Disused railway in West Yorkshire, England

The Royston to Thornhill line was a Midland Railway venture constructed in West Yorkshire, England, that had the intent to allow trains to travel from Sheffield to Bradford without going through . The scheme, which was promoted as the West Riding Lines, would have travelled underneath Bradford city centre in a long tunnel and ended up in the Aire Valley providing a through line across Bradford. In the event, only the section from Royston to Thornhill, a smaller branch to a goods station at Dewsbury Savile Town, and a longer branch from Mirfield to Huddersfield were ever built. By the late 1960s, the lines had all been closed, however, the viaducts at Bradley, Crigglestone, and Horbury still remain.

== History ==
The line was promoted by the Midland Railway with a view to shortening the distance needed to travel from London St Pancras to Bradford, and also to allow the Midland to make inroads into the Huddersfield, Halifax and Dewsbury areas. The proposal received assent from Parliament in 1898, with an estimated cost of £2.1 million. The length of the entire line between Royston and Bradford was listed as 24 mi, and the extension would put Bradford on the main line to London. However, only 15 mi of the proposed length was ever built; 8 mi connecting Royston with Thornhill Junction, 2.5 mi connecting to Dewsbury Savile Town, and a 4.5 mi branch from Mirfield to Huddersfield Newtown.

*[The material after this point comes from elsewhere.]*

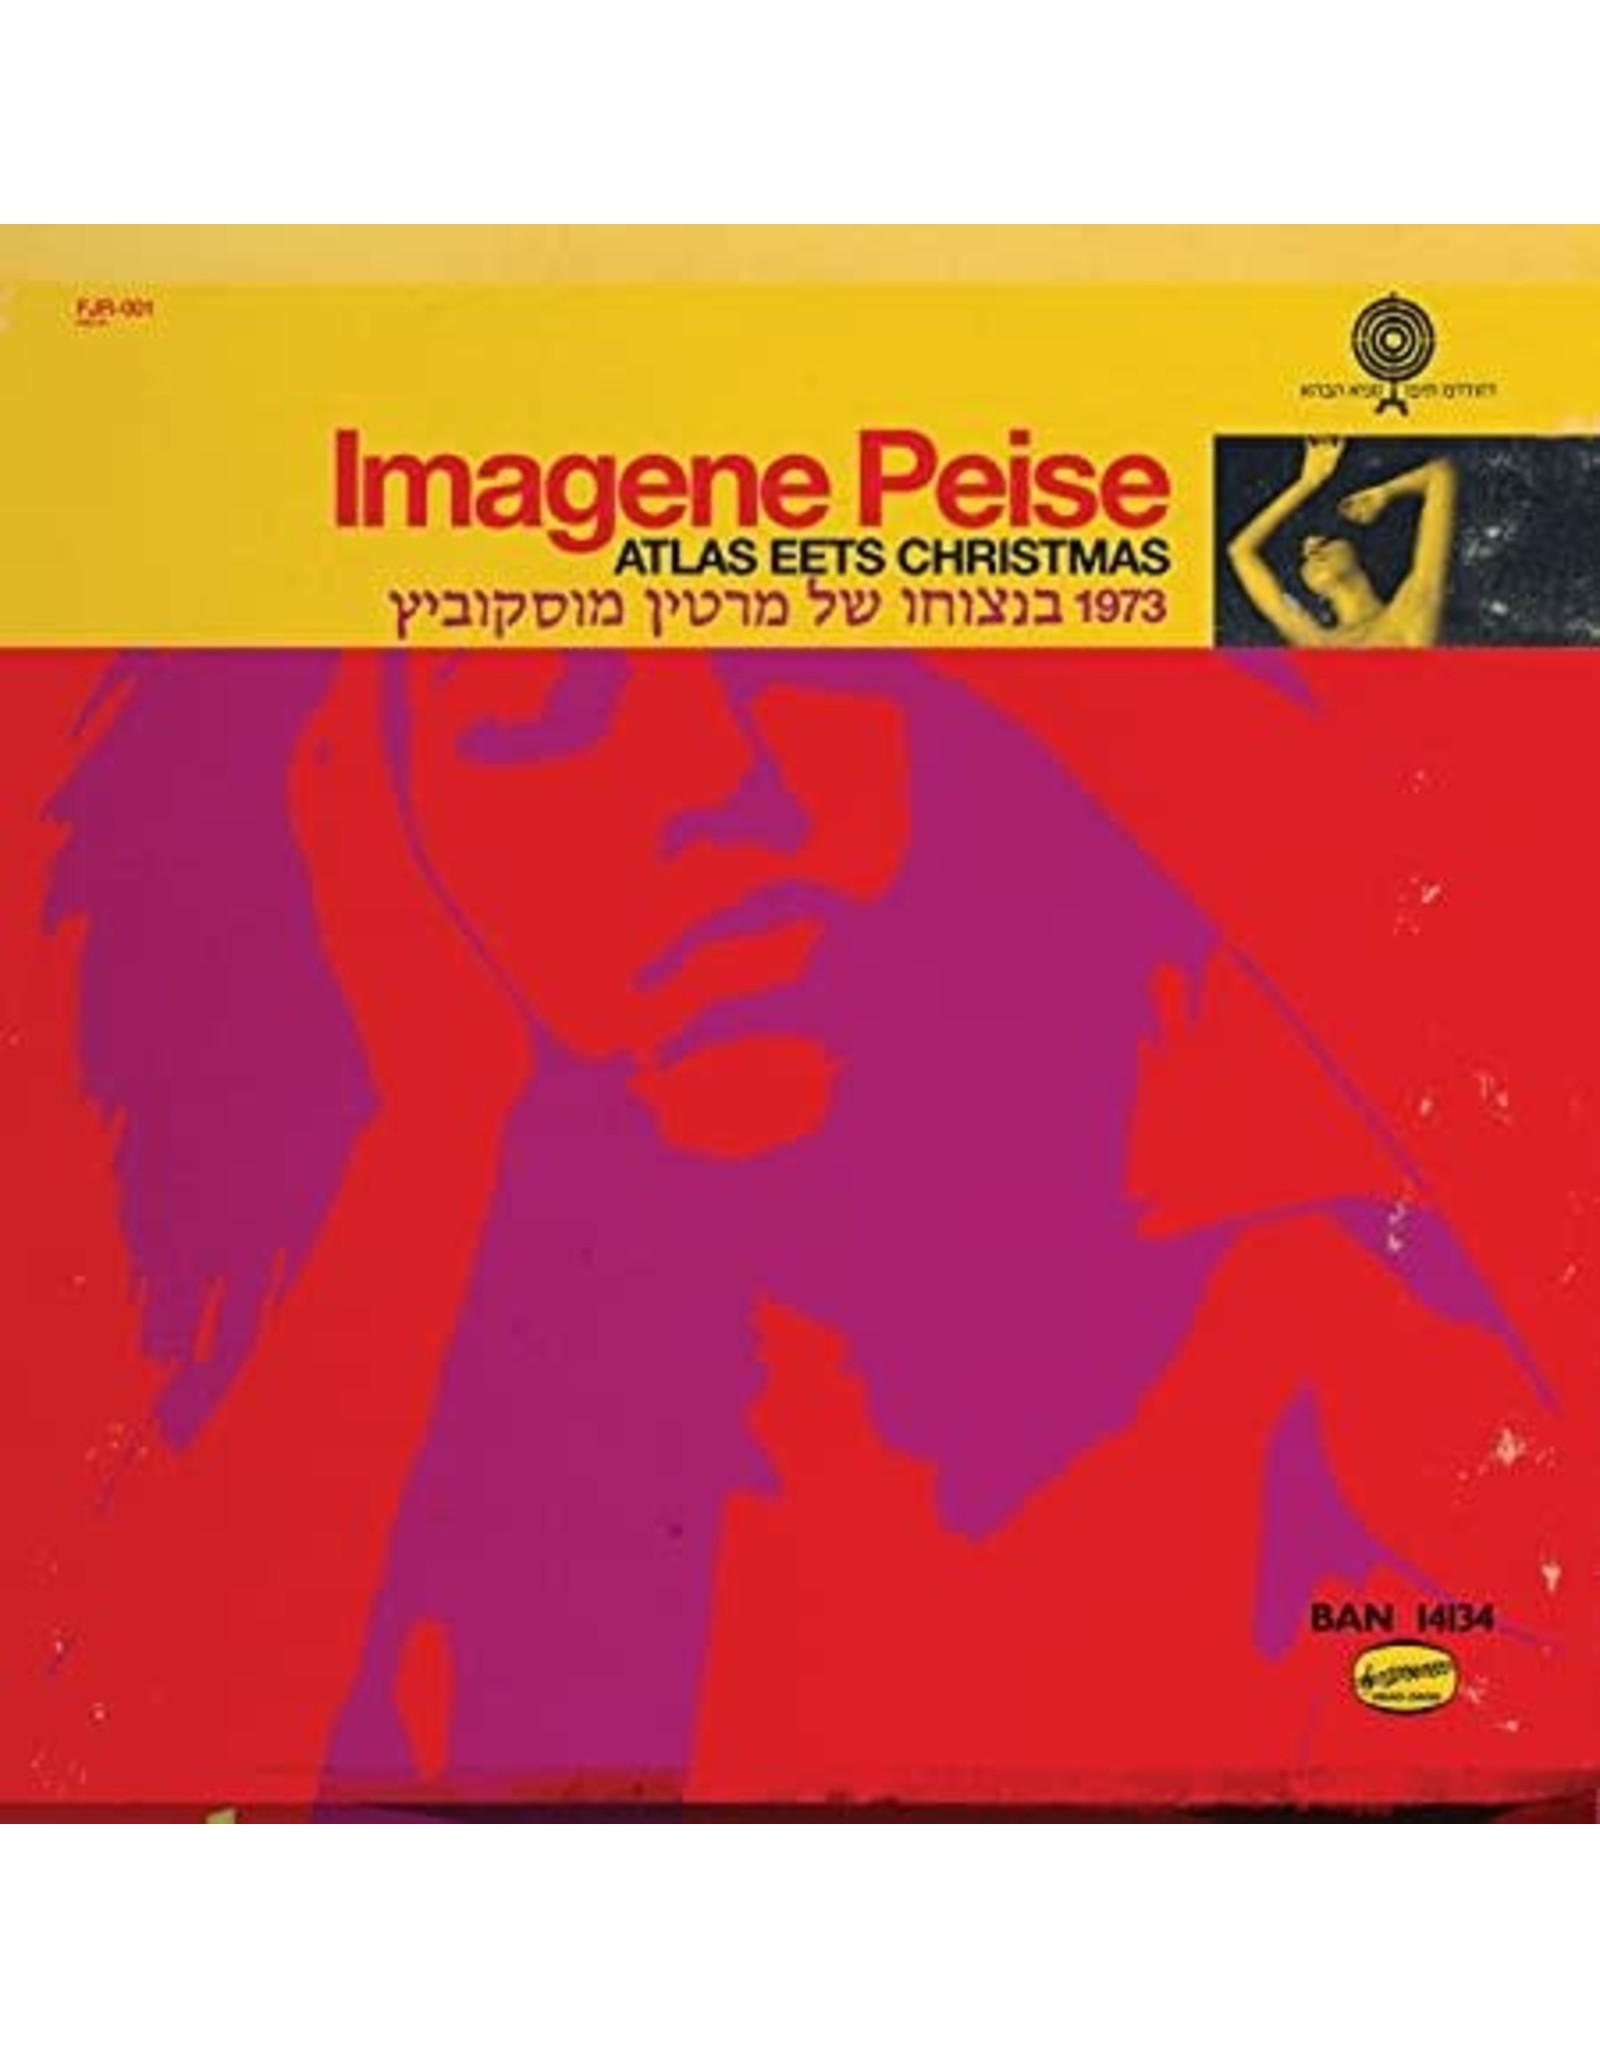 New Vinyl Flaming Lips - Imagine Peise: Atlas Eets Christmas LP

Construction started in 1902 starting from Royston Junction, and was open from there to Thornhill Junction by November 1905, and into Dewsbury Savile Town by March 1906. Major engineering efforts on the line include viaducts at Horbury Bridge and Calder Grove (Crigglestone), and a 250 yard tunnel at Crigglestone. After the Dewsbury branch had crossed the L&YR main line, the line dropped down a 1-in-40 gradient and passed through a 188 yard tunnel before arriving at the terminus. The only major structure on the single-track Mirfield to Huddersfield Newtown Branch, was a 15-arch viaduct across the River Colne at Bradley. Had the scheme been carried out to the full plans, a new line would have been constructed along the Spen Valley, and a tunnel would have been required under Bradford for a length of 5,000 yard, which would have started south of Bradford and emerged at the Midland Line from Forster Square just 150 yard north of the platform ends at Forster Square. After the initial sections of the line were built, the Midland Railway halted any further construction stating that the engineering difficulties of building the line in Bradford were proving too costly. The plans for a line through Spen Valley were shelved when an agreement with the L&YR was reached regarding running powers over the line between Thornhill and Low Moor, thus allowing the Midland into Bradford without the need to build a new line.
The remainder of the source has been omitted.